Is 92 days truly definitive? I know you probably get this question all the time but the CDC says 97% are positive by three months.. 3 out of 100 is quite a few people! I know you say extenuating circumstances, but how do i know if i have that or not??? would a bacterial infection at the time of getting infected with HIV affect seroconversion?

Thank you Dr.Bob, Thank you so much. You'll be hearing from me in one week from today with my 3 month test results! Hopefully your good luck Karma stays strong!!!

-Robby

Response from Dr. Frascino

Hi Robby,

"Since finding out that I'm positive would completely alter my life and would lead me on a completely different path than what I've planned for my entire life, I'm actually starting to think maybe I should just live with this 'in the back of my head' and not find out"!!!! WHAT?????? Robby that is such a monumentally idiotic idea I would have guessed only Dubya could have dreamed it up!
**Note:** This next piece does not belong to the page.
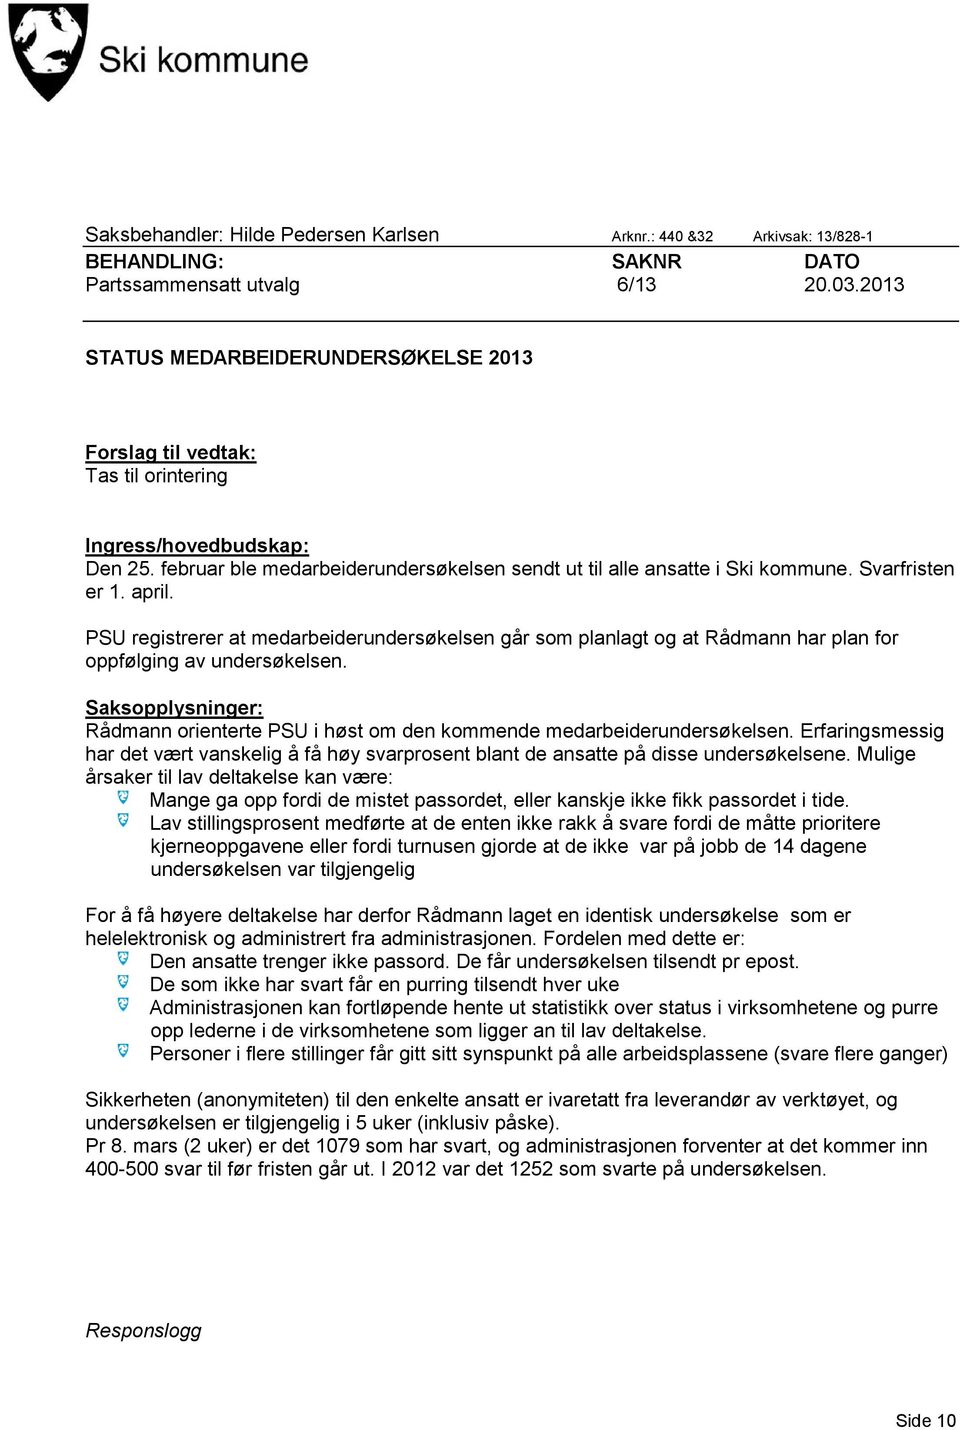 Svarfristen er 1. april. PSU registrerer at medarbeiderundersøkelsen går som planlagt og at Rådmann har plan for oppfølging av undersøkelsen.

I'm glad you quickly came to your senses, realizing you "couldn't live with that kind of question eating away to (you)." I couldn't agree more. Just reread some of the e-mails you've sent me over the last few months. That should prove not knowing would be a colossal mistake and would surely wind up with you in a straightjacket locked in a padded cell. (Which of course is exactly where Dubya should be.)

To answer your questions: Yes, your 92-day test will be definitive. (It will also be negative.) You do not have "extenuating circumstances" and no, a bacterial infection would not affect seroconversion.